Work required: Without its pictures, the listing below is to be transcribed exactly.
[Collected data]
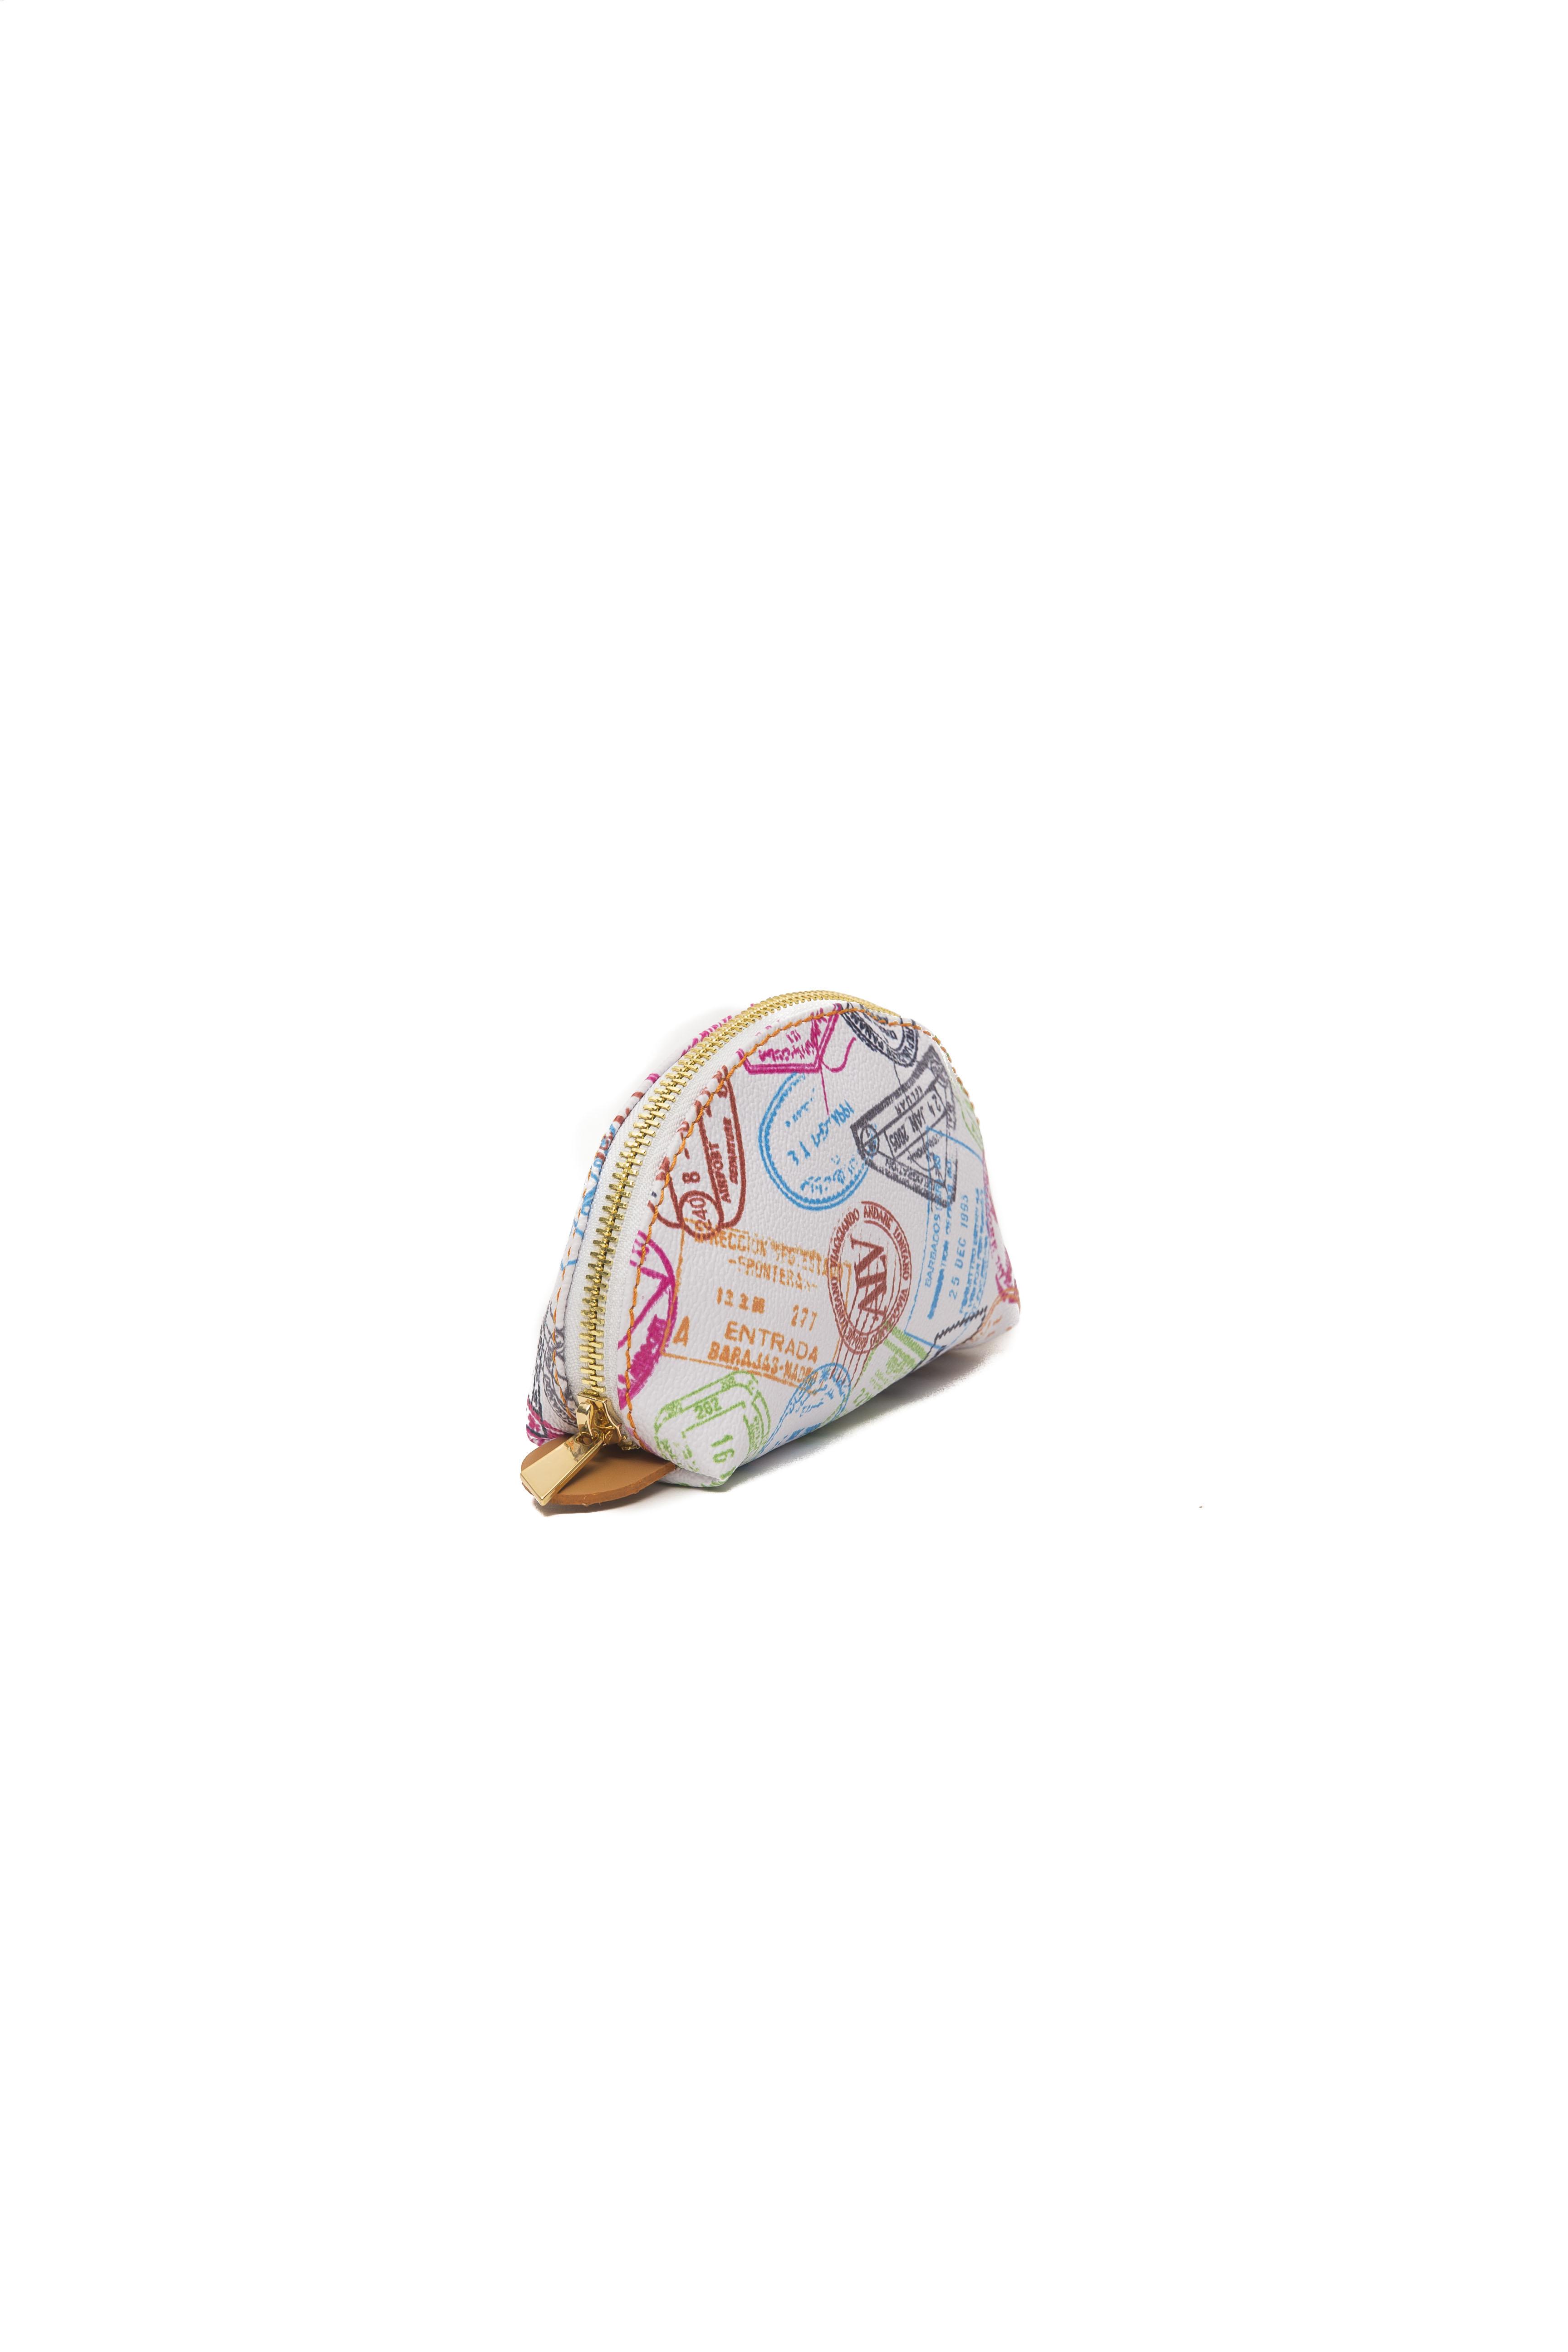 Blanc Femme Alviero Wallet Ever117d016b Martini qMVGUpzLS
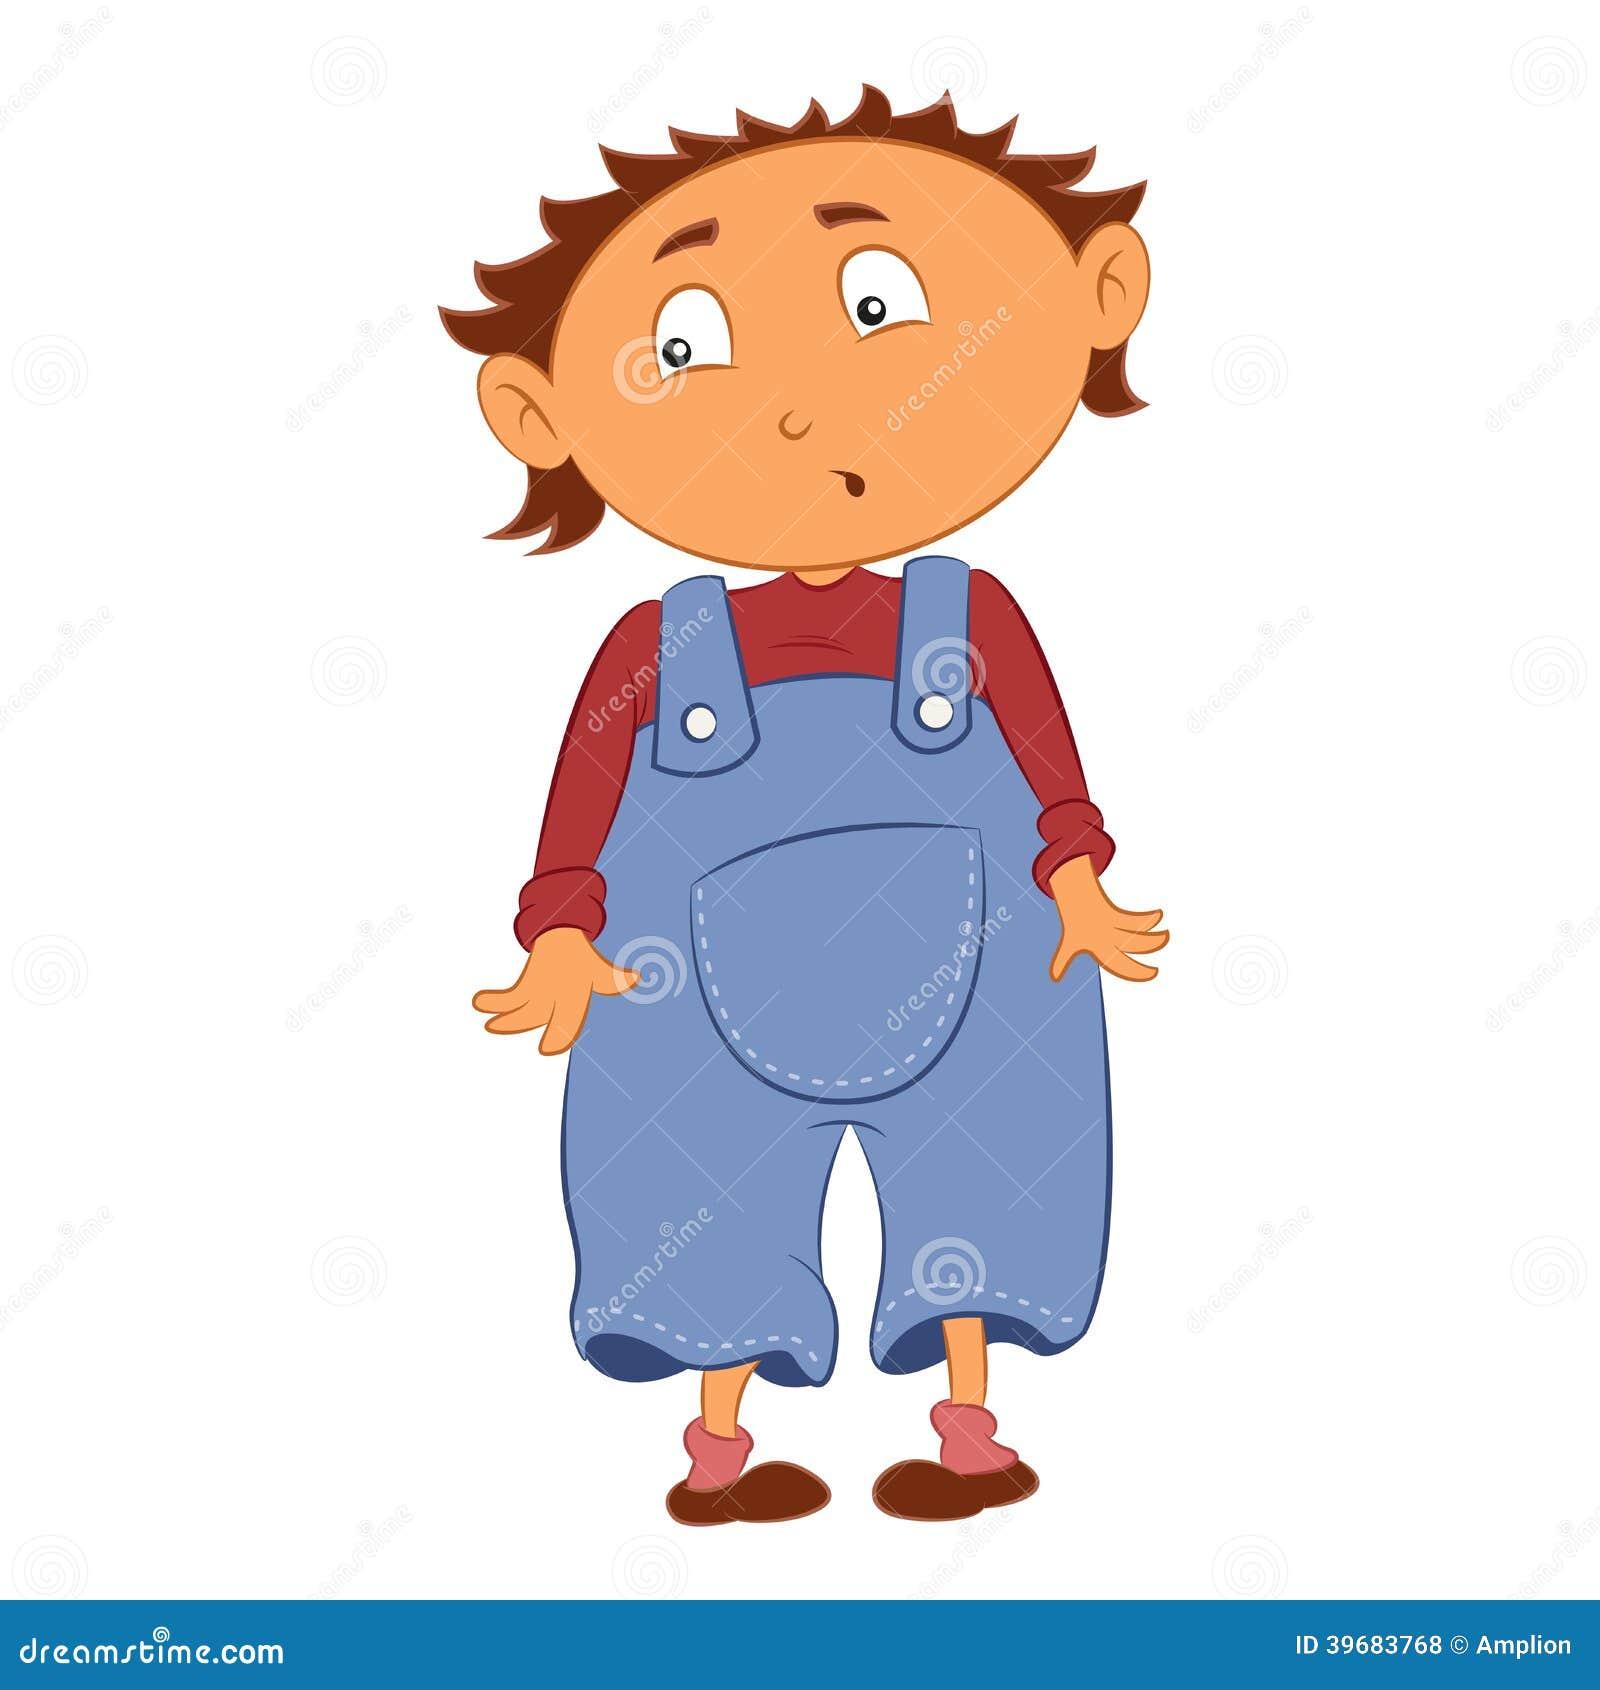 Cartoon Kid Stock Vector - Image: 39683768
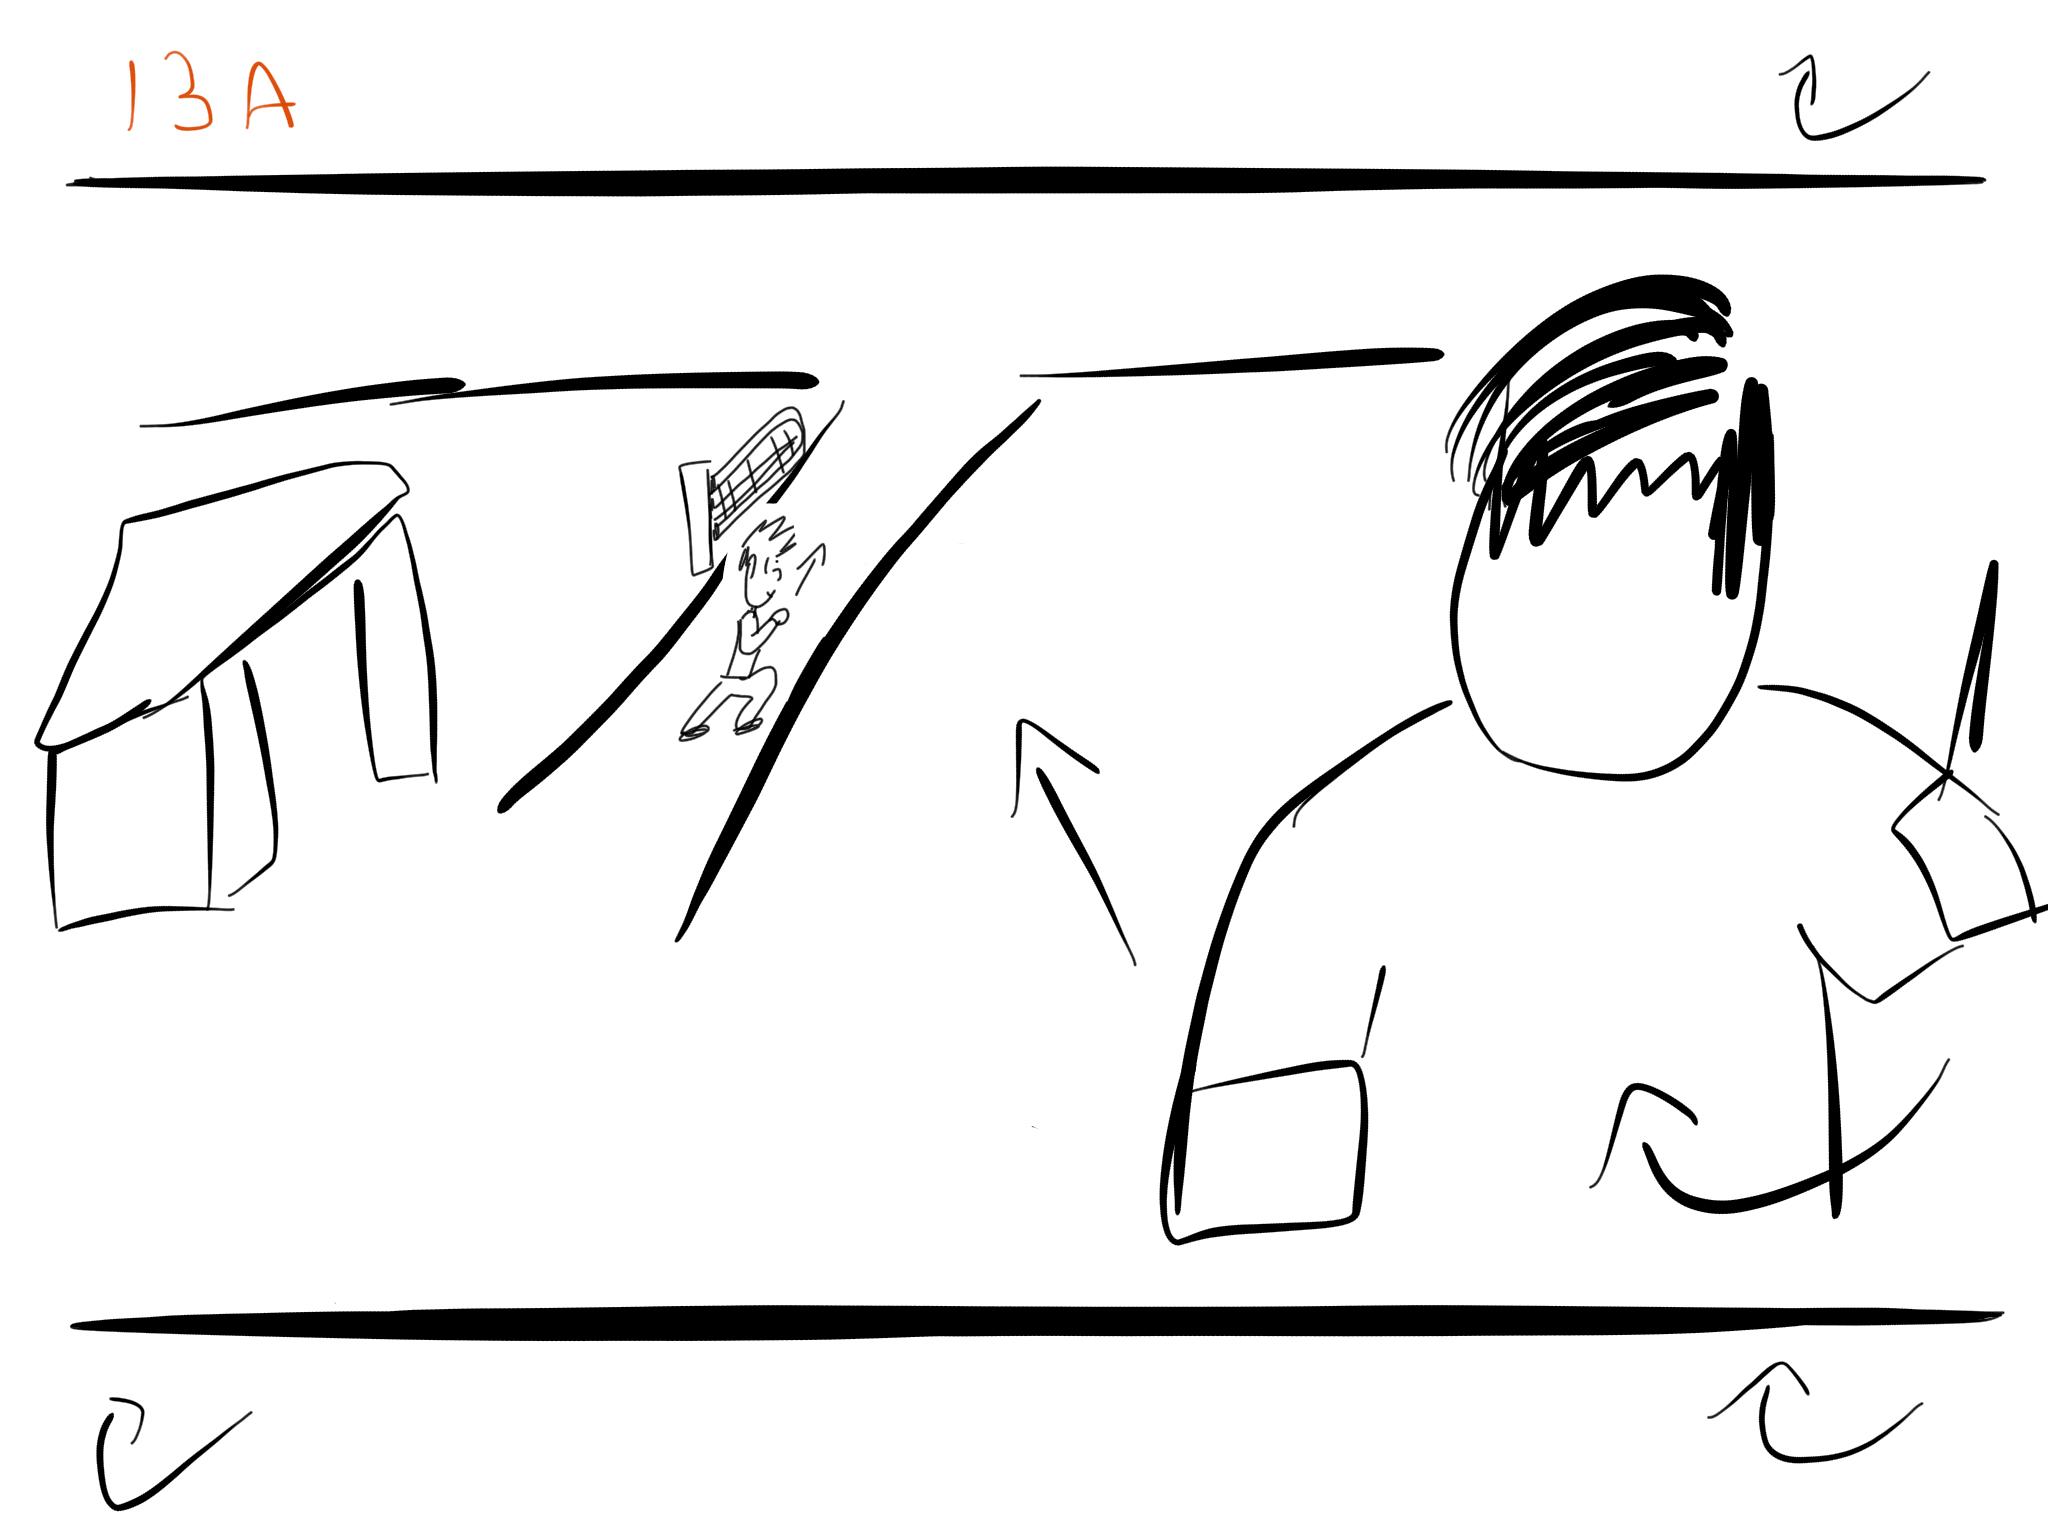 BDF_Storyboards_50.jpg
[/Collected data]
Written response:
 Blanc Femme Alviero Wallet Ever117d016b Martini qMVGUpzLS
 Cartoon Kid Stock Vector - Image: 39683768
 BDF_Storyboards_50.jpg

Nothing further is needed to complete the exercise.